A regional office of education (ROE), sometimes called a regional superintendent's office, is a level of educational administration in Illinois. Each one has an educational service region, or simply region, consisting of one or more counties, and supervisory jurisdiction over the school districts lying primarily in that county or those counties. The office is primarily under the control of a publicly-elected "regional superintendent of schools", formerly known as the "county superintendent of schools", but also has a publicly-elected "regional board of school trustees", formerly known as a "county board of school trustees".

==Regional superintendent==
The regional superintendent is an elected office, different than the appointed superintendents of school districts that operate the public schools. The regional superintendent has many duties related to school issues that cross school district lines.

- Recognition of school districts
  The regional superintendent assigns the school district numbers in the region, keeps the map of school districts, and determines what school district boundaries were intended when the boundaries were established.

- General oversight and counsel to school districts
  The regional superintendent generally "shall exercise supervision and control over all school districts within the county". This includes the general power to issue directions about the "in the science, art and methods of teaching, and in regard to courses of study" and a mandate to "labor in every practicable way to elevate the standard of teaching and improve the condition of the common schools". The regional superintendent acts as the "official adviser and assistant of the school officers and teachers" in the region, giving advice according to the Illinois State Board of Education, and the first source of opinion and advice on "all controversies arising under the school law"; afterwards an appeal may be made to the State Board of Education. Regional superintendents also help school districts with grant writing.

- School inspections
  The regional superintendent is responsible for determining whether a school district is maintaining a proper schoolhouse according to state law.

- Making qualified teachers available
  The regional superintendent holds teacher "institute" days for professional education and workshops, and uses teachers' license registration fees, including a portion of renewal and duplicate fees, to fund the institutes. The regional superintendent also keeps a list of teacher vacancies in the school districts in the region.

- Truancy
  The regional superintendent appoints the county truant officer to perform the truant officer duties in all school districts that do not hire their own truant officers.

- Oversight of school funds
  In places where township school trustees still operate or where school district treasurers exist, the regional superintendent examines the records to insure that they are in order; in other places, the regional superintendent sells and certifies the "township fund lands" that are no longer under the township-level control.

- Enforcement
  In cases of misbehavior, the regional superintendent has certain powers to restore the school system to proper operation, even when the school district won't. For example, the regional superintendent can remove a school board member who refuses to perform official duties, and can recommend that the State Board of Education withhold funds from teachers, school officials, or trustees until they provide all the reports required by law and properly account for school funds.

==History==
The early forerunner of the regional superintendent was each county's Commissioner of School Lands in each county, created by state law in 1829, but appointed by the county board and having no responsibility for school operations. The administrative responsibilities began in the 1840s when that the county commissioner became an elected office and was also designated as ex-officio superintendent of schools. By 1865 it became an elected office. Among the duties of the office was to examine and grant teaching certificates to people found competent to teach. In 1865, the elected office of County Superintendent of Schools was established with a tenure of 4 years, a per diem, and a requirement to visit each school in the county at least once per year.
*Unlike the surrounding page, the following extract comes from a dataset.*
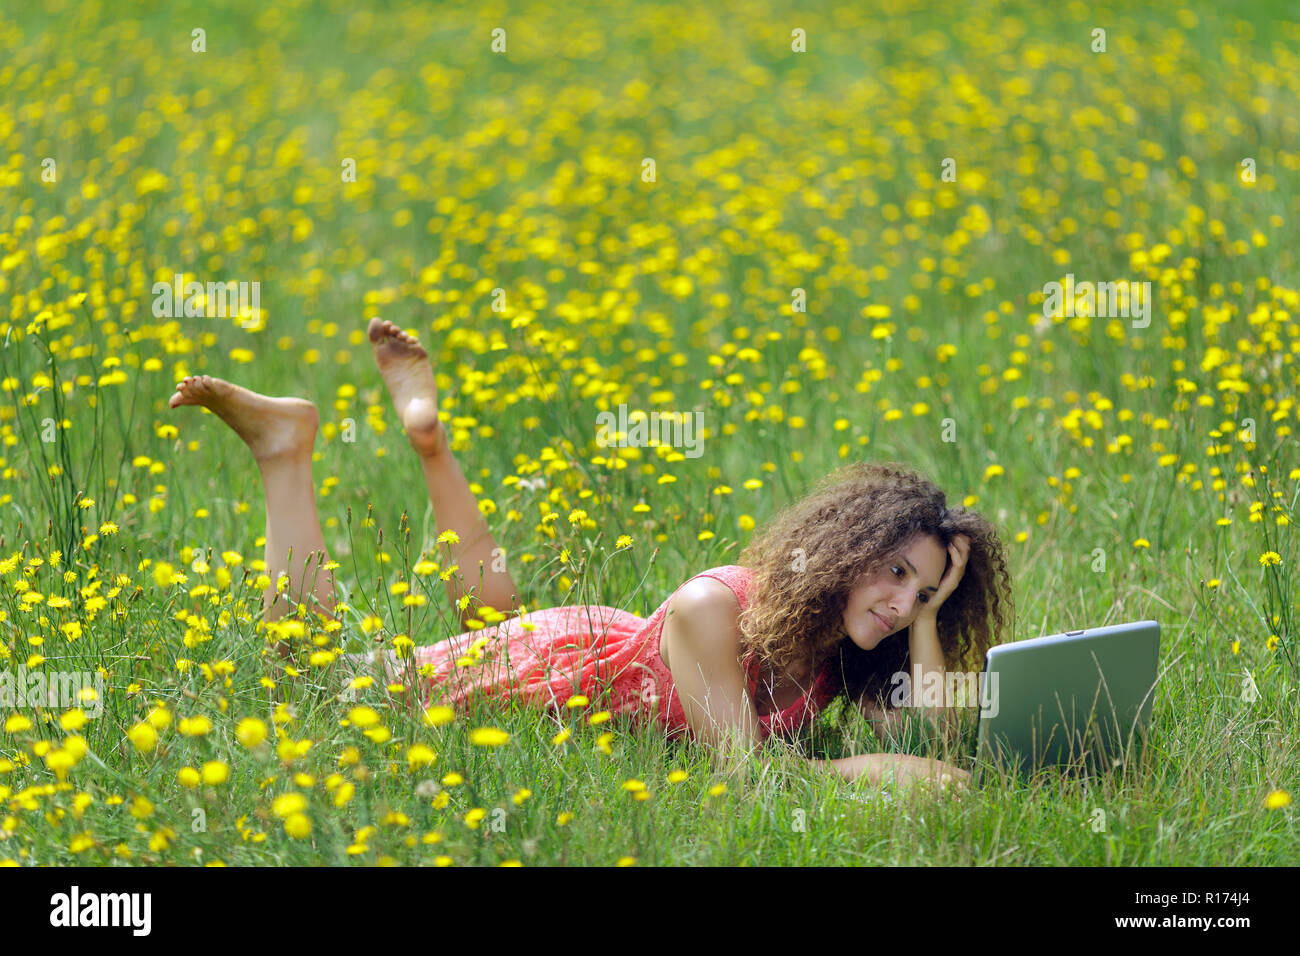 Linda mujer joven con cabello rizado acostado leyendo un libro en un wildflower meadow lleno de coloridas flores amarillas como ella se relaja en la tranquilidad Foto de stock

In 1917, Illinois established a non-high school district in each county with territory unserved by a high school, and the county superintendent was made ex-officio board member of that district. In 1953, the county superintendents were required to dissolve any remaining non-high school districts and give the territory to one or more adjacent high school districts. However, Chester Non-High School District 122 survived; the superintendent still remains a non-voting member of the board.

In 1973, the county superintendents' offices of many small counties were consolidated into multi-county regions, resulting in a drop from 102 to 78 county superintendents. The title of the office was changed to "regional superintendent of schools" in 1975.

This was followed by another consolidation in 1977, to 57 regions, each with a population of at least 33,000.

The state mandated a consolidation of regions again in 1995, to 45, each with a population of 43,000.

In 2013, the Illinois legislature required the number of regions to be reduced to 35, and began requiring each region to have a population of at least 61,000 from July 2015 on. Sixteen regions were eliminated by consolidation into other regions between 2013 and 2015.

===Cook County===
The office of regional superintendent was eliminated for Cook County from July 1994 to August 1995, but restored.

In 2010, Regional Office of Education 14, which covered Cook County outside of Chicago, was dissolved and replaced with intermediate service centers called North Cook ISC 1, West Cook ISC 2, and South Cook ISC 4.